Read more: Maria Gunther: In the end, Emmanuelle Charpentier and Jennifer Doudna received their well-deserved Nobel Prize

Photo: Gunno Rask / IBL Bildbyrå

Most Reliable Predictions of Climate Change
Climate sensitivity indicates how much the earth’s average temperature increases if the carbon dioxide content in the atmosphere doubles. If it is low, the soil heats up slowly. If it is high, the weather can disappear quickly. According to 1979 calculations, the climate sensitivity is between 1.5 and 4.5 degrees. This year, researchers from the World Climate Research Program have obtained a more exact value: between 2.6 and 3.9 degrees. Since the 19th century, the carbon dioxide content has increased from 280 to 415 parts per million. So we are halfway to a duplication.

Read more: How can we know that we are affecting the climate?

Radioteleskopet Chime, Canadian hydrogen intensity mapping experiment

Radioteleskopet Chime, Canadian hydrogen intensity mapping experiment

Photo: Chime collaboration

The source of the radio flashes revealed
Astronomers have recorded radio flashes (short, strong pulses of radio waves of unknown origin) since 2007. The mystery was solved when the Chime radio telescope saw a radio flash from a magnet, a neutron star with an unusually strong magnetic field. .

Photo: Adam Brumm / Griffith University

The oldest hunting scenes in the world.
In December 2019, researchers showed that paintings of hunting scenes and people with animal heads on cave walls on the Indonesian island of Sulawesi are around 44,000 years old, based on deposits in the images. It is 4,000 years older than all previously known figurative art.

Read more: Karin Bojs: The cave paintings of Asia arrived before those of Europe

Diversity researcher
After a black bird watcher in New York’s Central Park in May asked a white woman to tie up her dog, she called police to say that “an African American man threatens my life,” it was only a few days before. researchers launched the hashtag # BlackBirdersWeek (Black Bird Week) on Twitter. Others, such as #BlackInAstro week, #BlackBotanistsWeek, #BlackInNeuro and #BlackInChem, followed to support each other and demonstrate that racism can also be a problem in the research world.

HIV virus particles (green) on the surface of a T cell.

HIV virus particles (green) on the surface of a T cell.

How Some People Cope With HIV
HIV is a so-called retrovirus: it builds its genome in the host cell’s DNA and hides from attacks by the immune system and antiviral drugs. There are 38 million people infected with HIV, and half of them can survive without drugs for years without having measurable levels of the virus in their blood. A study of 64 of these individuals shows why: in them, the genome of the HIV virus is integrated into chromosomal parts that are rarely used.
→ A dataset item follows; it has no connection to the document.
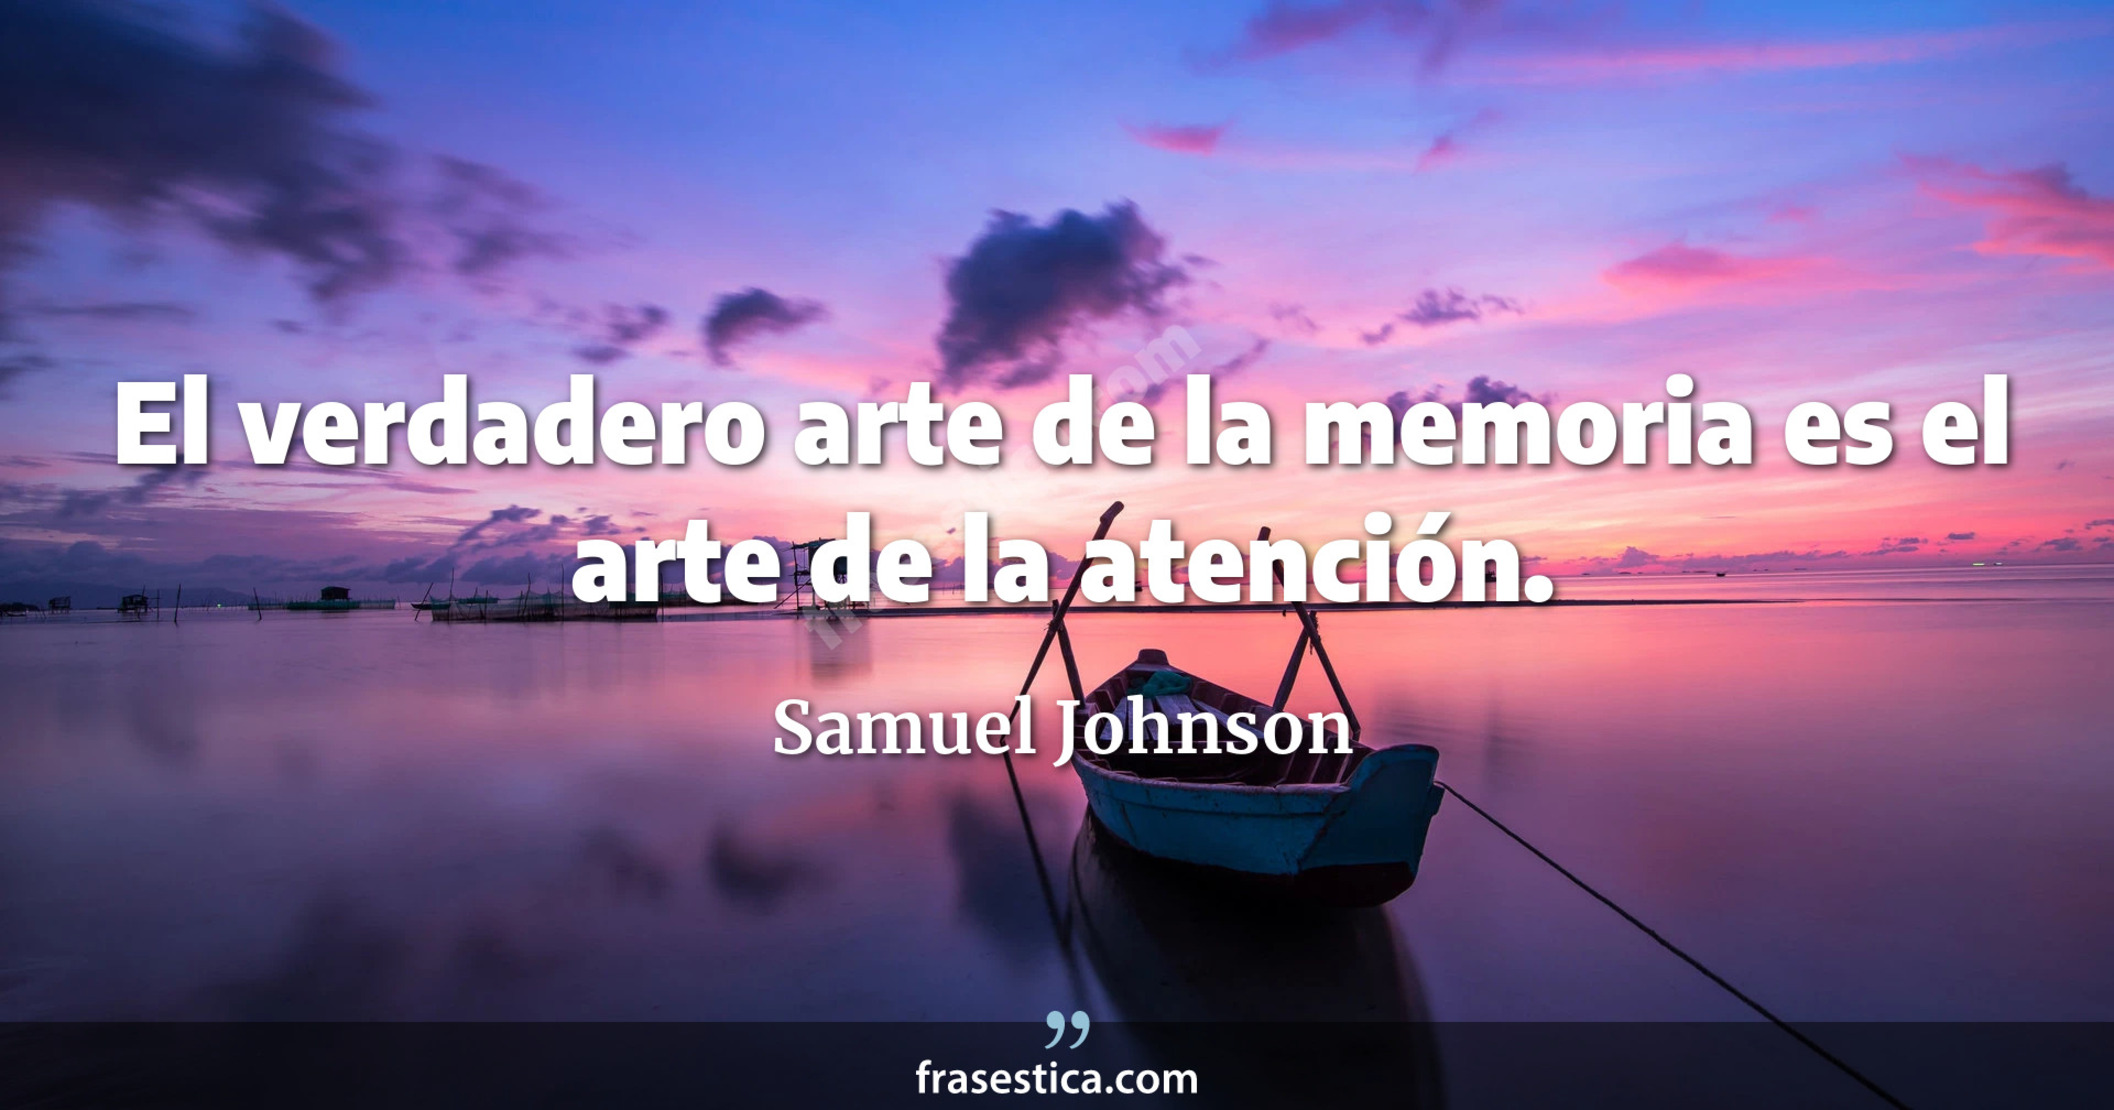 El verdadero arte de la memoria es el arte de la atención. - Samuel Johnson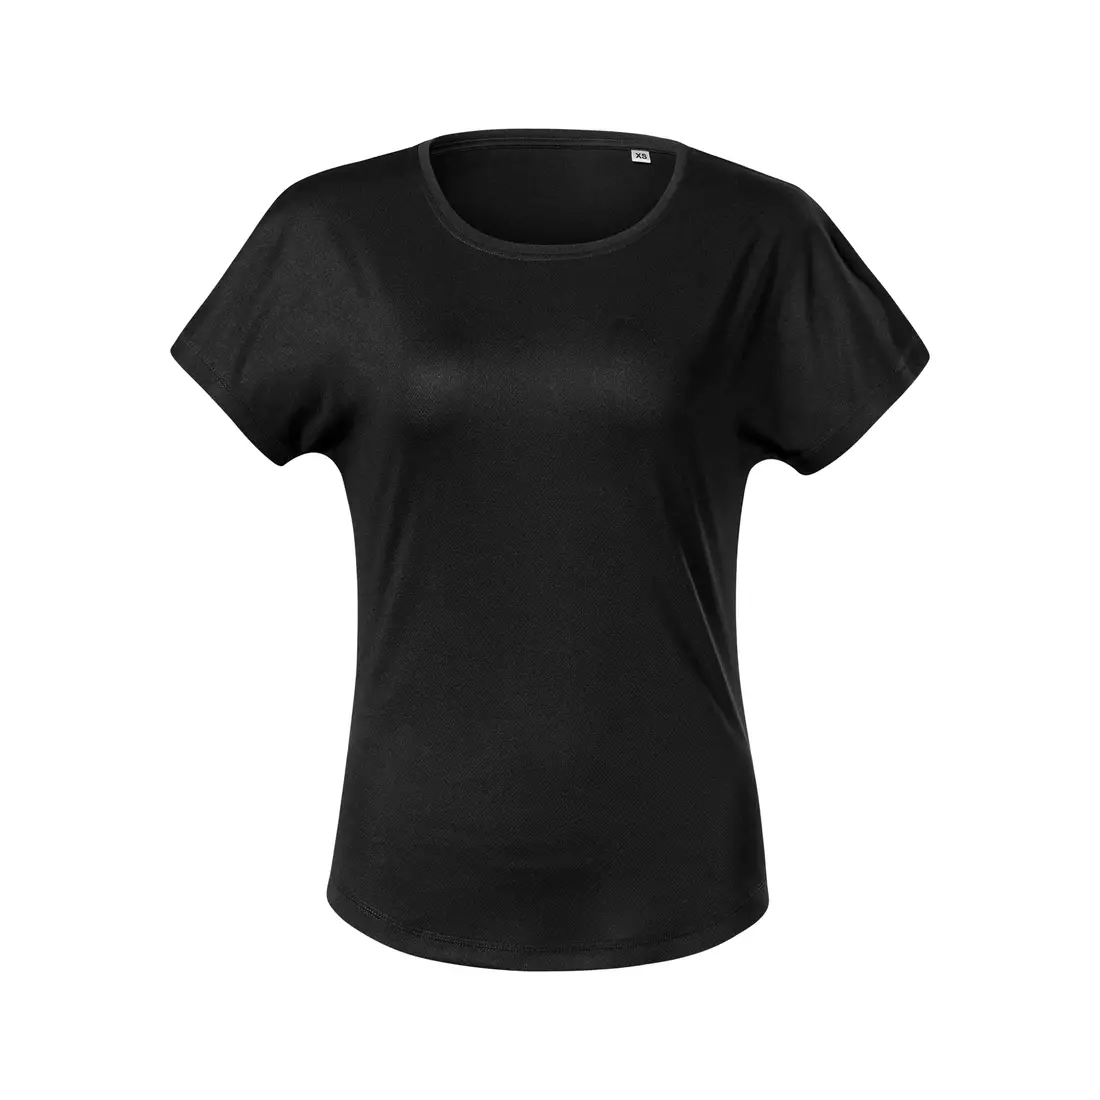 MALFINI CHANCE GRS Tricou sport pentru femei, mânecă scurtă, poliester micro din materiale reciclate, negru 8110112

Therefore, the virus cannot create copies of itself.

Supraledningsexperimentet

Supraledningsexperimentet

Photo: J. Adam Fenster

Superconductivity at room temperature
Superconductors conduct current completely without resistance. The effect was discovered in 1911 by Heike Kamerlingh Onnes, at 4.2 degrees above absolute zero (-273.15 degrees Celsius). Since the 1980s, researchers have achieved superconductivity at increasingly higher temperatures. This year, a research group managed to obtain a material of sulfur, hydrogen and carbon at very high pressure to become a superconductor at 14 degrees: almost room temperature. Superconductors are used, for example, for surveys with magnetic cameras and to distribute electricity without loss.

Photo: Inga Lantz

Smart birds
Birds may have greater mental abilities than we think. A group of researchers discovered that owl and pigeon brains are organized like our neocortex, the outermost part of the cerebral cortex where the most developed behaviors and cognitive abilities are found. Another research group measured the activity in the brains of black crows that performed a task on a certain signal. Brain activity existed regardless of whether the bird did what it was supposed to do. Researchers interpret it as birds creating a mental image, as a form of consciousness.